GOAL OF THE EXERCISE —
All of the records should be reproduced word for word, but no images may appear in the copy.

DATASET EXCERPTS section start

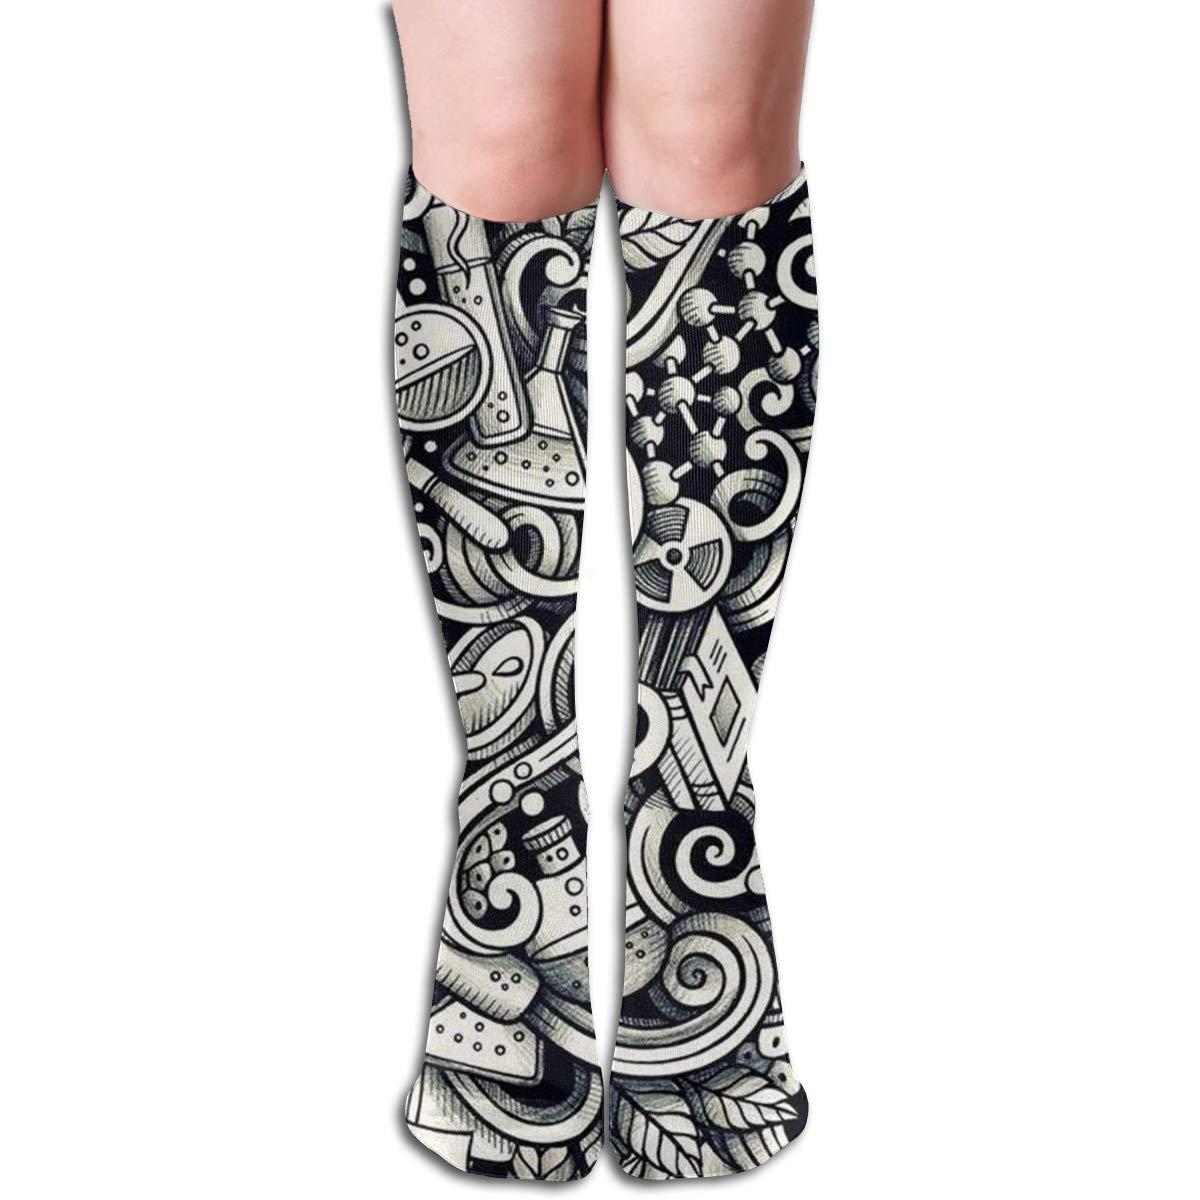 Chemical Sketch Compression Socks For Women Casual Fashion Crew Socks
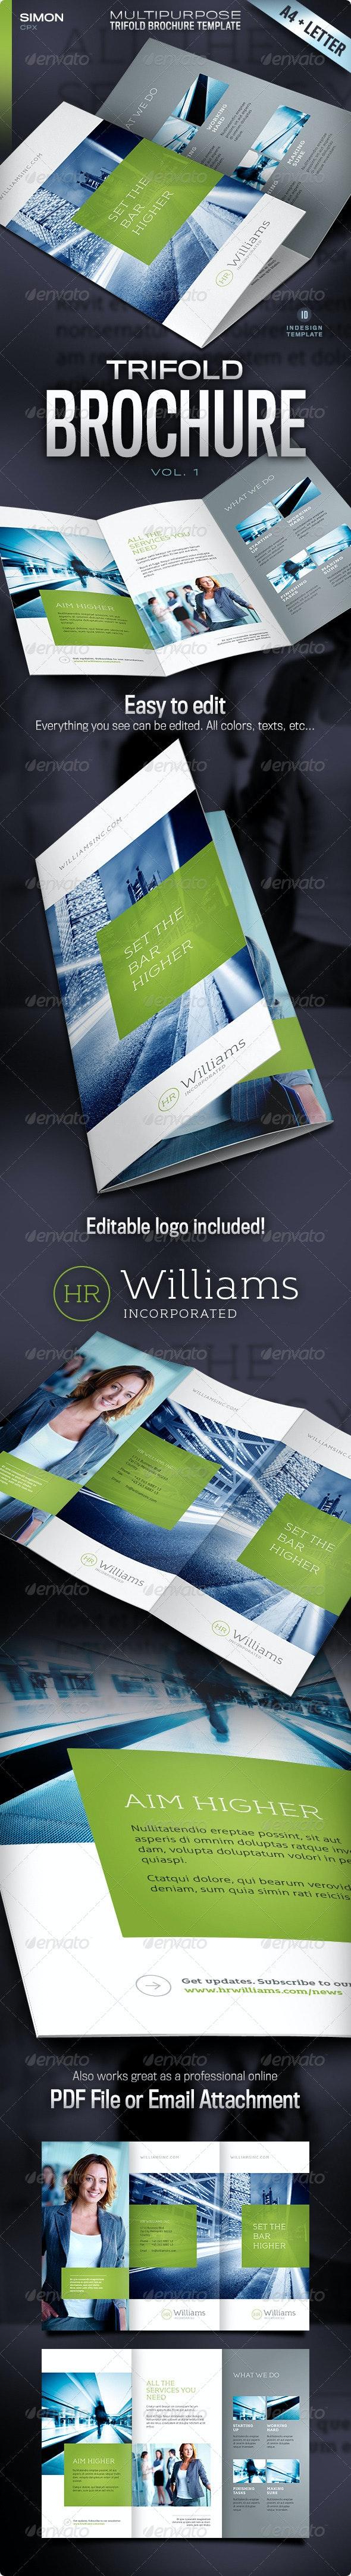 Trifold Brochure - Vol. 1 - Corporate Brochures
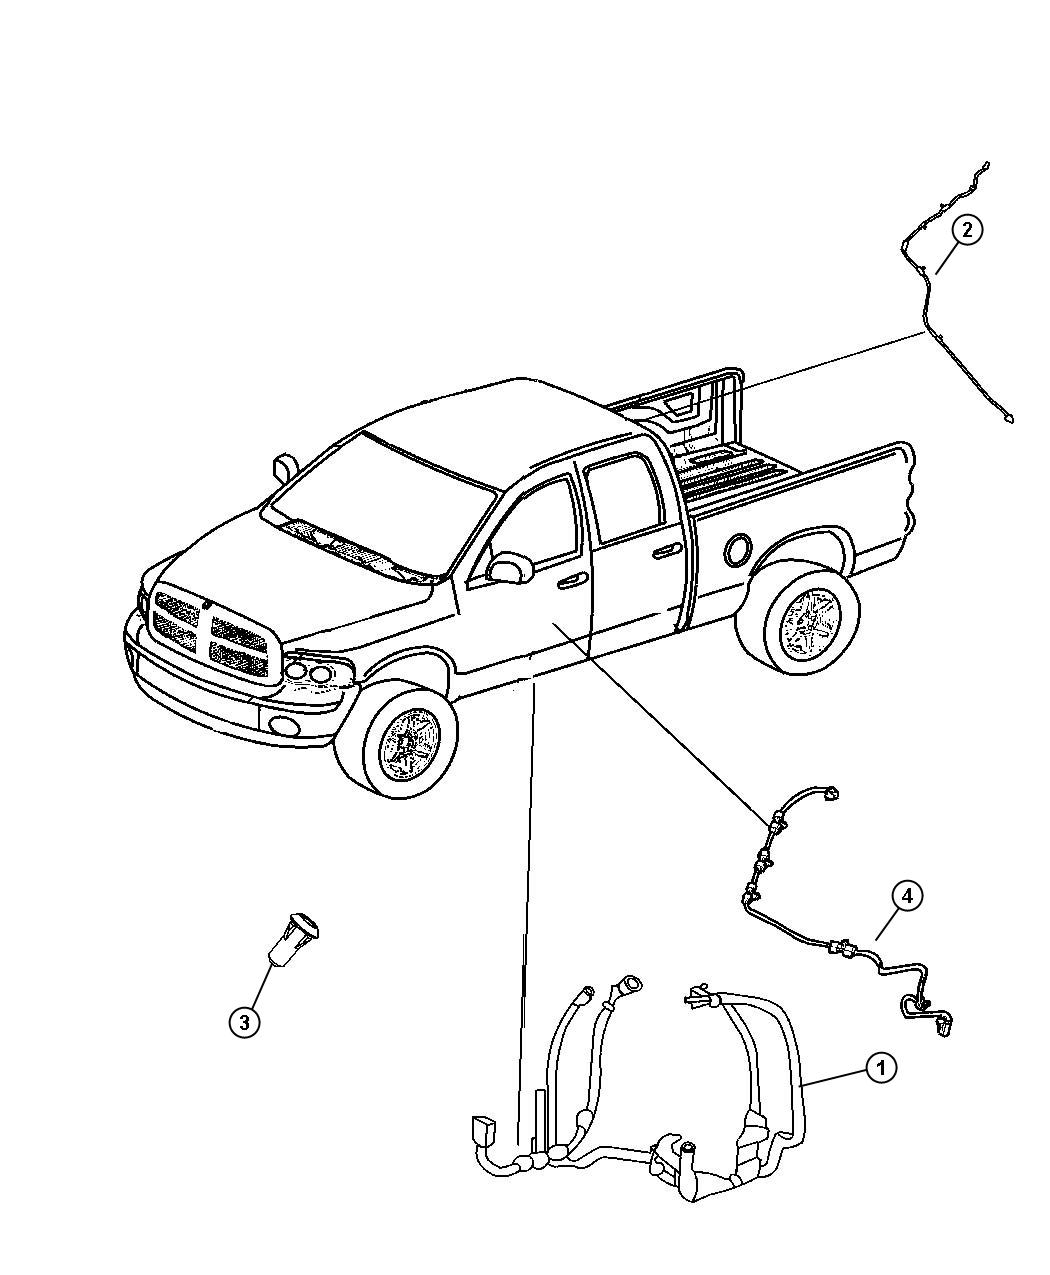 Dodge Ram 2500 Wiring  Body   Heated Second Row Seats
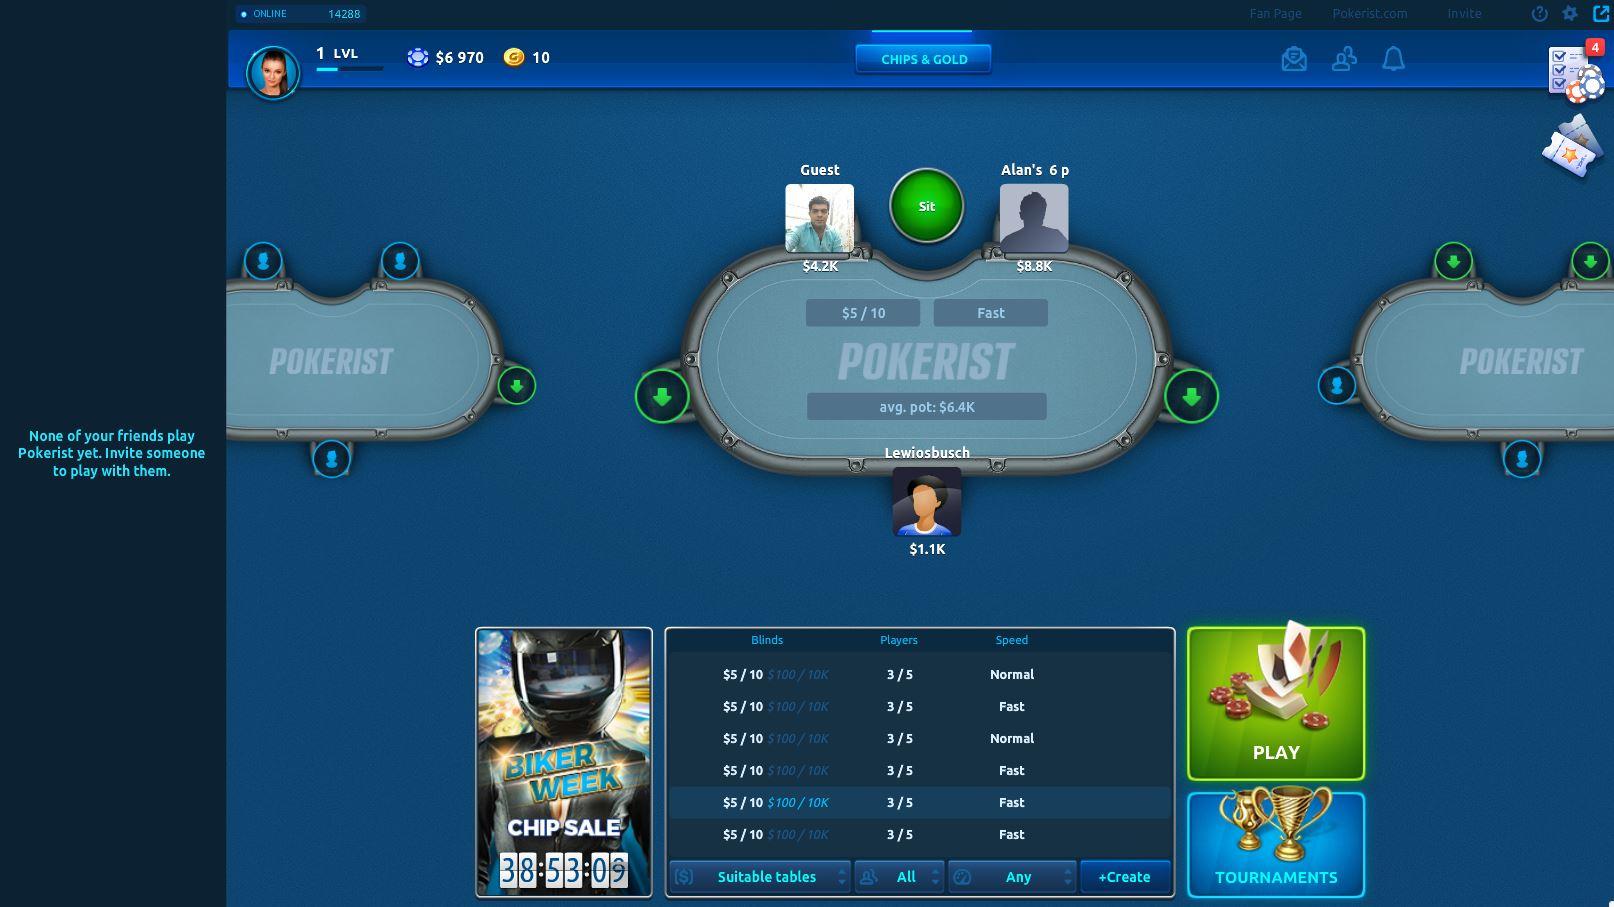 Pokerist Facebook Poker App
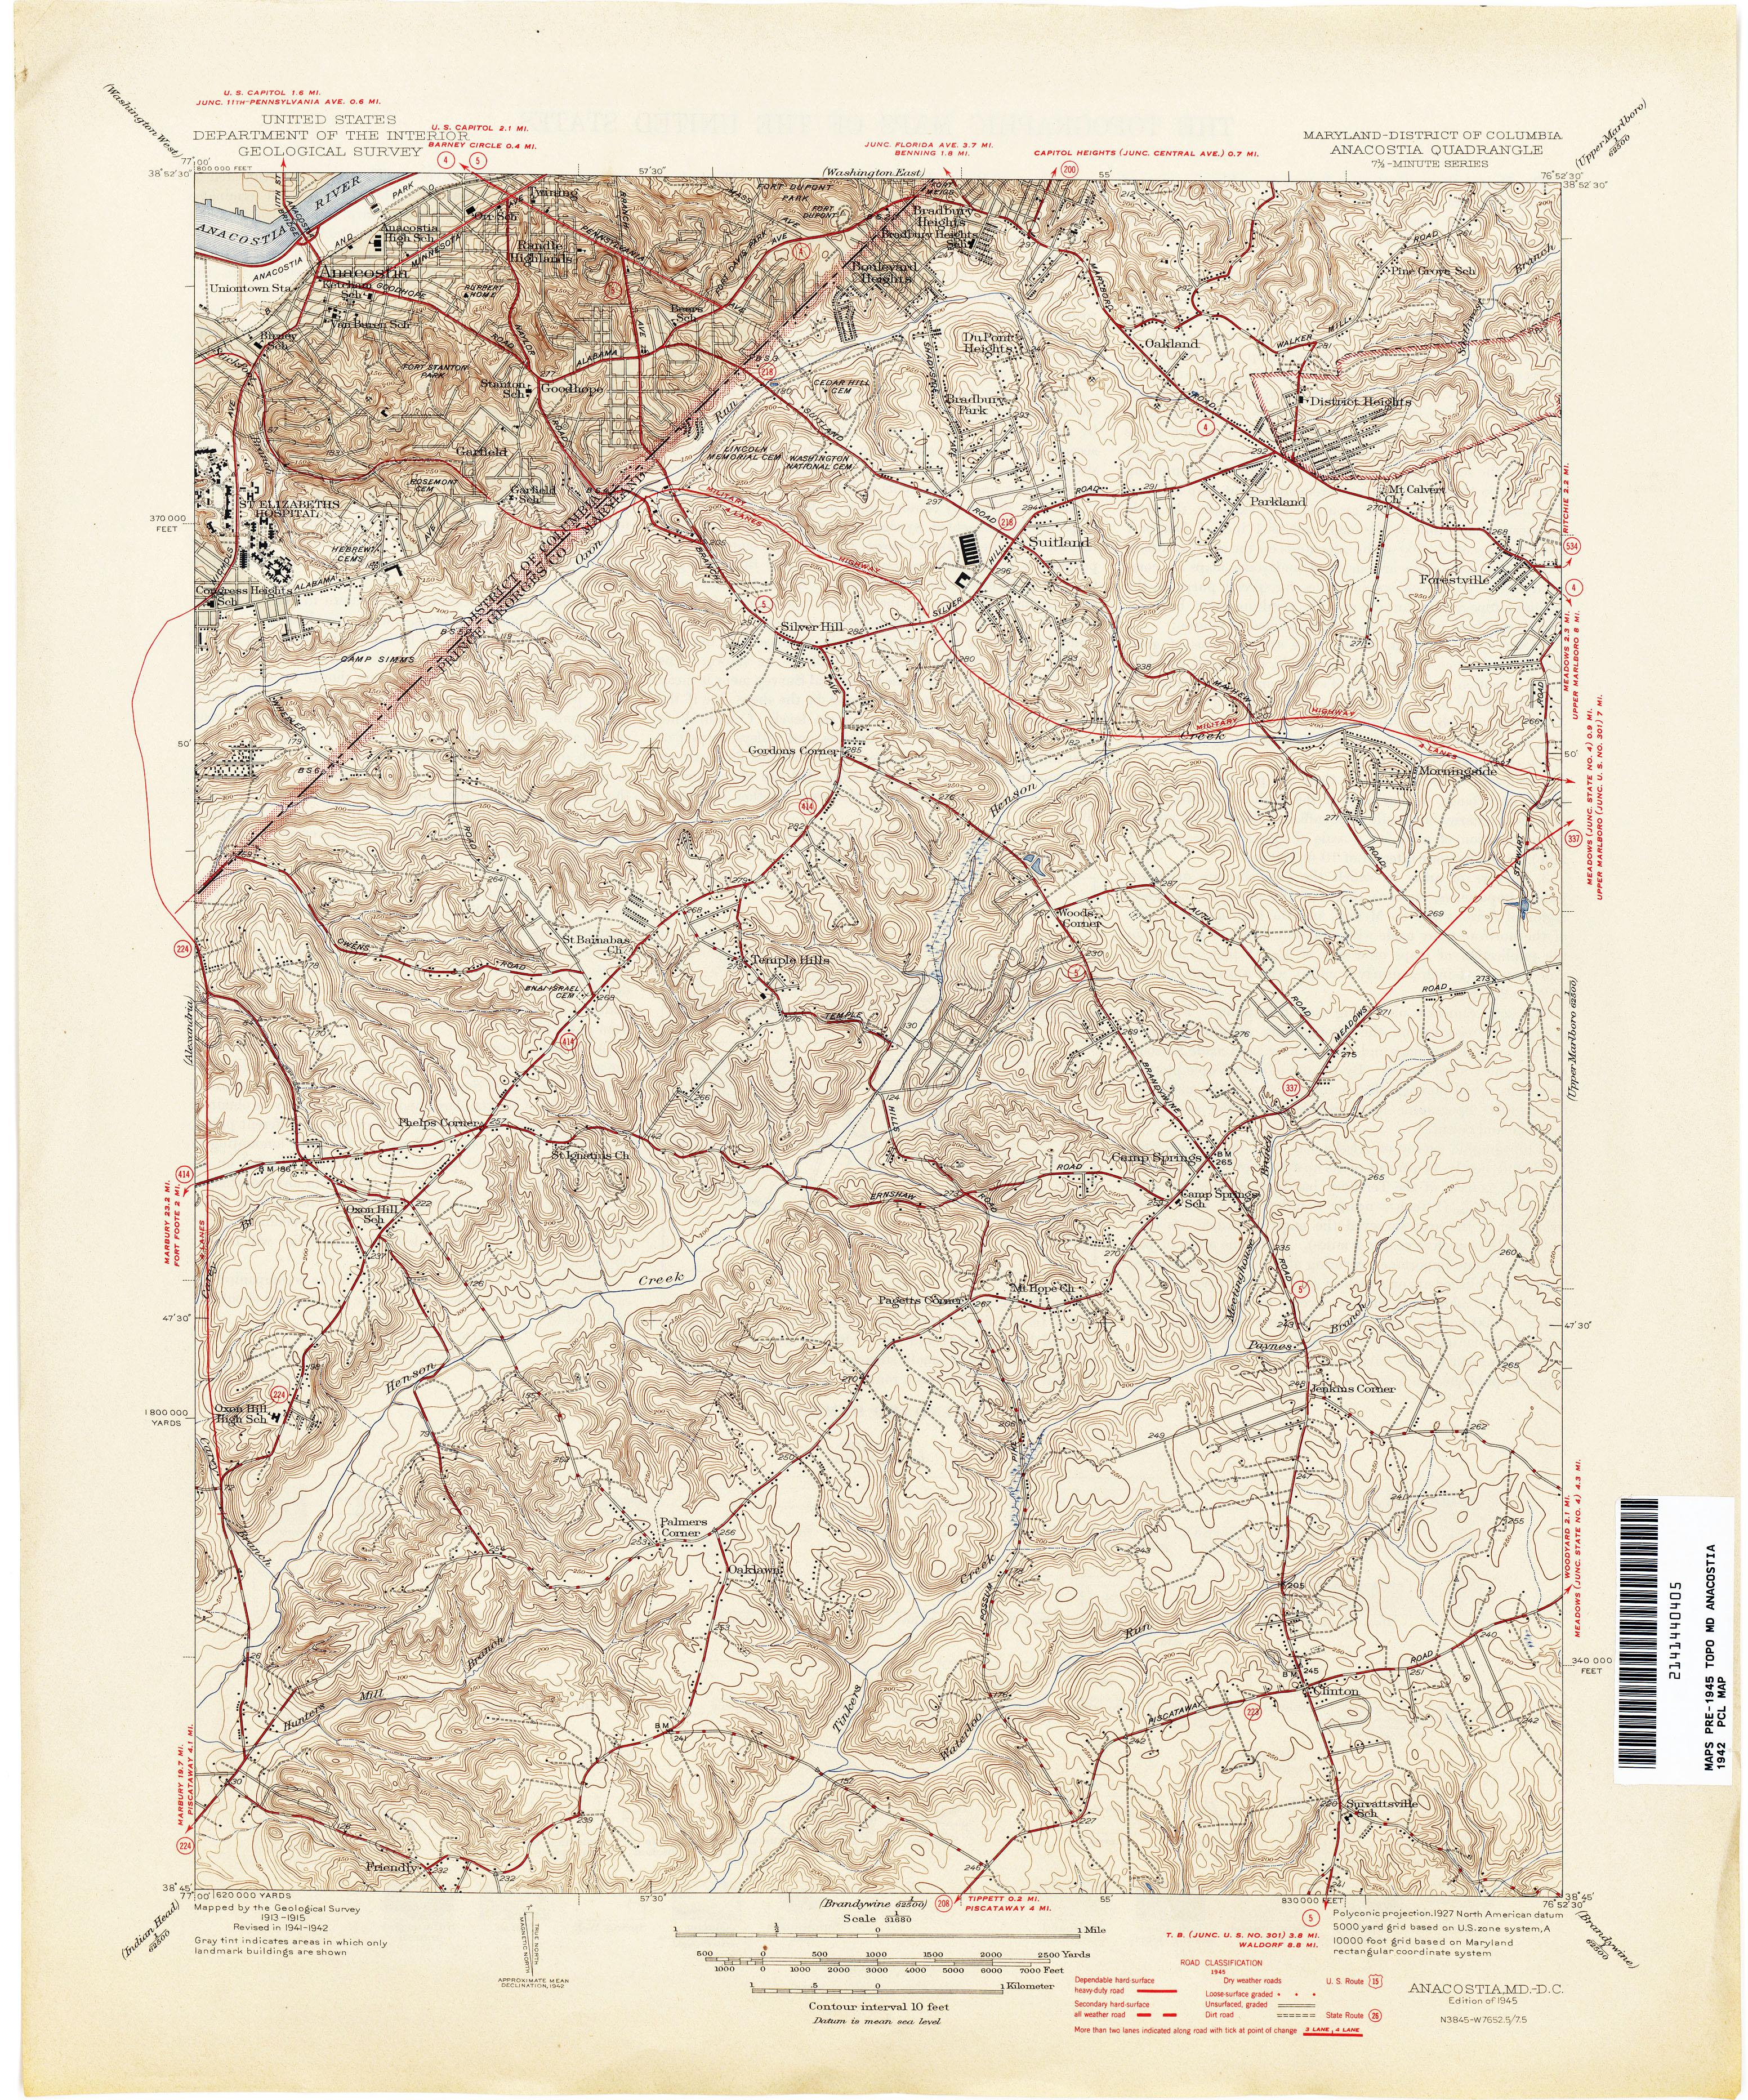 Maryland Historical Topographic Maps  PerryCastaeda Map

DATASET EXCERPTS section end

ANSWER TO THE PROBLEM —
 Chemical Sketch Compression Socks For Women Casual Fashion Crew Socks
 Trifold Brochure - Vol. 1 - Corporate Brochures
 Dodge Ram 2500 Wiring  Body   Heated Second Row Seats
 Pokerist Facebook Poker App
 Maryland Historical Topographic Maps  PerryCastaeda Map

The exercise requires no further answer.